A panel sparked discussion amongst students and staff about traditional gender roles, the church’s attitude toward women, marriage and stereotypes portrayed by the media, after a showing of the documentary “Miss Representation.”
The film is narrated by Jennifer Siebel Newsom, an expectant mother who fears how a world shaped by the media will affect her daughter’s life. She said the media portrays an ideal woman that women buy into and it leads them to self-objectification, depression, and lower confidence and ambition.
“Miss Representation” addressed the degradation of women in advertisements, movies, cartoons, politics, business and news.
English professor Pam Parker was part of the panel discussion and urged the audience to be conscious of their media purchases.
“Think about the images you’re supporting with your money,” Parker said.
Women who have made it to the top of their profession — including Lisa Ling, Condoleezza Rice, Katie Couric and Rachel Maddow — were interviewed in the film. Each of them admitted that for women to be accepted in a position of power there would need to be a “kind of psychological breakthrough.”
In the film Newsom said there have been a few more than 30 women who have served as governors in America. She said there are more women in politics in Cuba, Iraq and Afghanistan.
Sophomore Mackenzie Young said she found watching the film difficult as it made her realize how women were being objectified and portrayed unrealistically by the mass media.
“It was very intense and it made me aware of everything that has been ingrained in me and that has shaped me and how wrong a lot of it is,” Young said. “It broke my heart, actually. I think it’s something that everyone needs to see or hear or at least begin to talk about.”
Young said she hasn’t bought a pop magazine since high school because she didn’t like the false portrayal of women, but has now noticed how those images are everywhere, including her seemingly innocent travel magazine.
“We put too much pressure on ourselves,” Young said. “After seeing this it makes me want to tear those pages right out of my magazine. I compare myself all the time to these images, which is sad because I know they’re false, but it’s hard not to.”
Wondering about where to go from here, Young said she intends to start with practical changes by encouraging her female friends.
“I really want to empower women to be proud of what we’re capable of and I don’t want our fears to hold us back,” Young said.
One issue debated by students after the event was how negative stereotypes affect both women and men, and whether “feminism” was a good term.
“Personally, I struggle to call myself a feminist because I feel that it’s known as a negative term and you don’t want to be a feminist because people are going to look at you and think you hate men or that women should rule the world,” Young said. “I believe in equality, that women and men should be working together. I don’t believe one should be better than the other.”
Junior Greg Wight, who helped put on the event, said he definitely considers himself a feminist in some areas, but is hesitant to call himself that. He said he would rather share ideas than be labeled.
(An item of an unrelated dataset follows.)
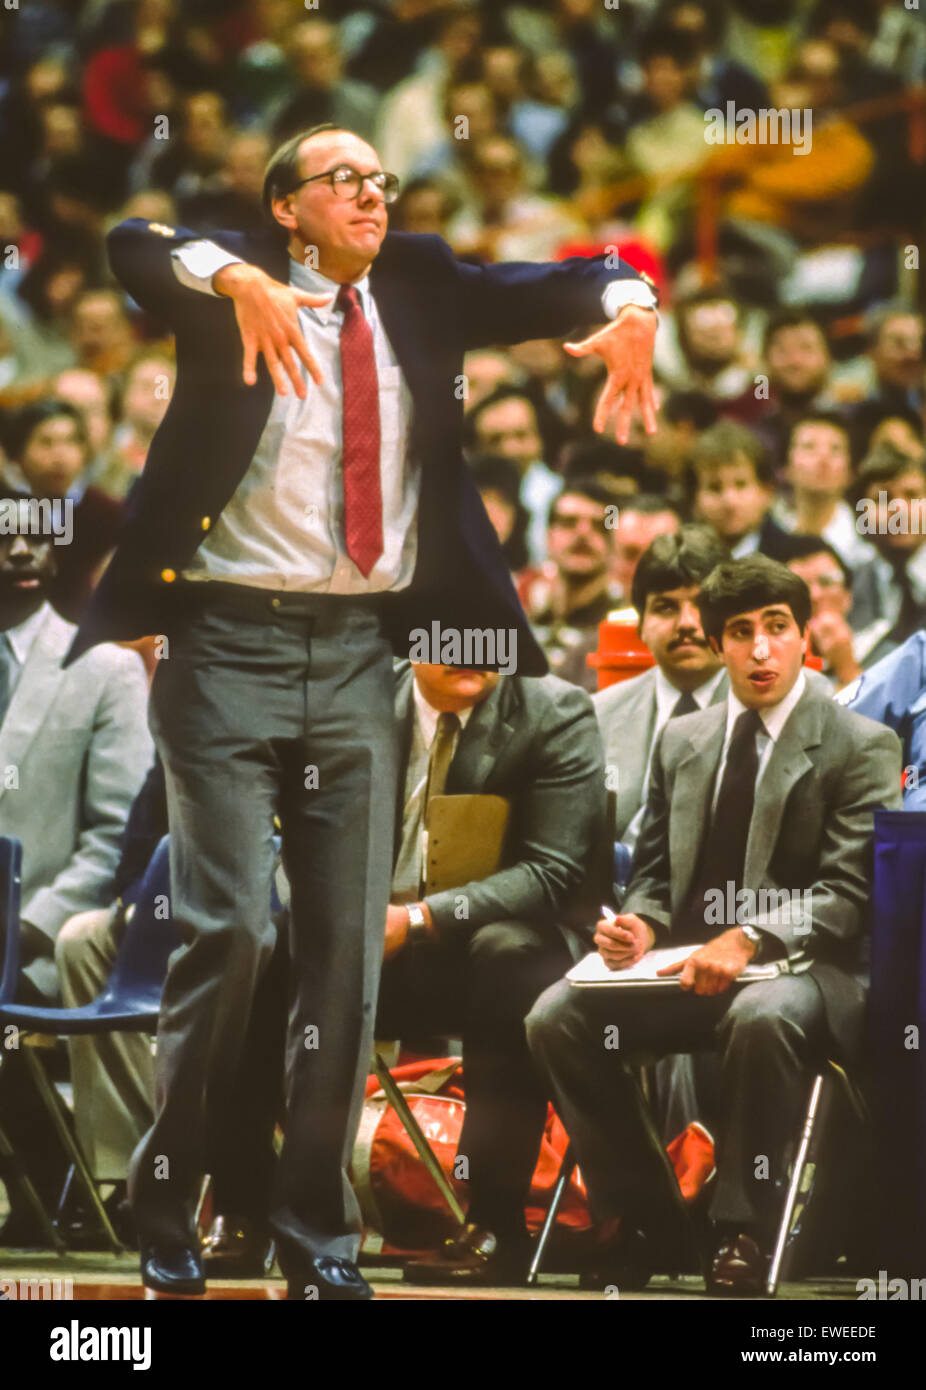 SYRACUSE, NEW YORK, USA - Coach Jim Boeheim gesturing during Syracuse Orangemen college NCAA basketball game in - Stock Image

“It’s about an equality between male and female, but it’s often understood as ‘we’re women and we’re going to take over,’” Wight said.
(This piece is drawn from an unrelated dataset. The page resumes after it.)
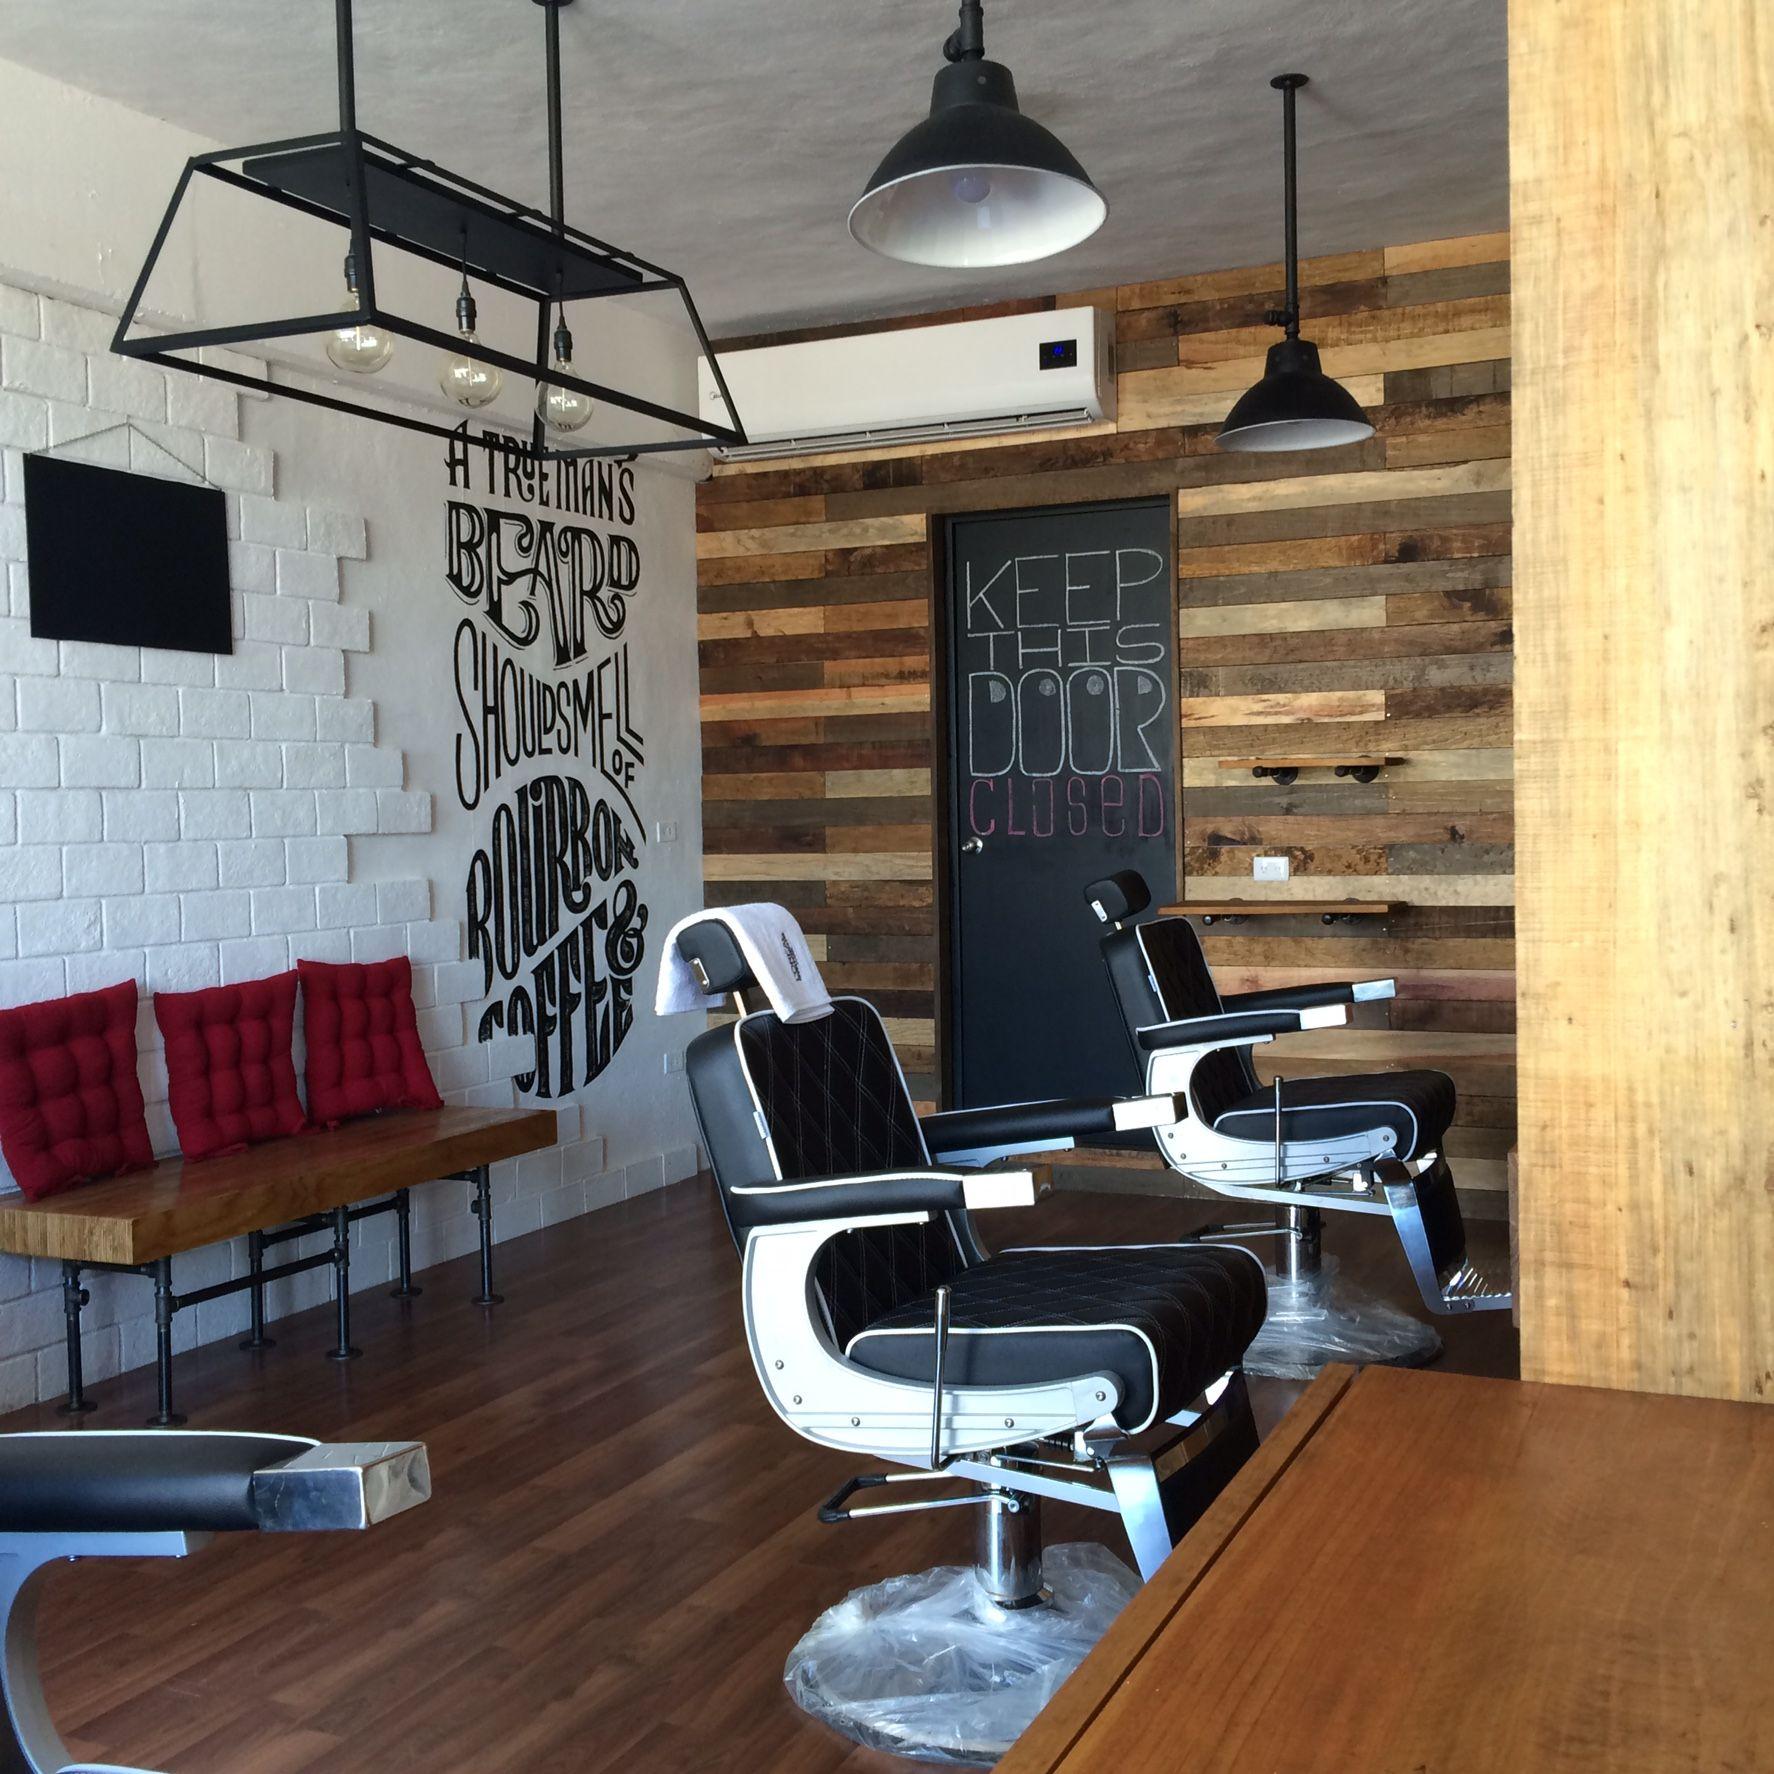 The legend barbershop en m rida yucat n dise o de - Salon diseno ...

Sophomore Andy Rowland said he recognizes the challenge women face and is also concerned by the portrayal of masculinity in the media.
“I feel like men have certain alpha types that are portrayed in the media and a lot of it is the hyper masculine — you know, if you’re not big, strong and fighting explosions then you’re not a real man,” Rowland said. “So it is a challenge that men face, too, and certain aspects such as cooking, sewing and cleaning are not portrayed as masculine and meant for men.”
Rowland said he felt the misrepresentation of women by the media also affects men’s psychology concerning women.
“I think it gives women a false sense of beauty and men a very narrow view of beauty — that a woman must fit this criteria of skinny waist and large boobs,” Rowland said.
Addressing the audience, Parker encouraged female students to use their voices.
“It’s not enough women, to be good girls,” Parker said. “It’s not enough to get good grades, you have to speak up.”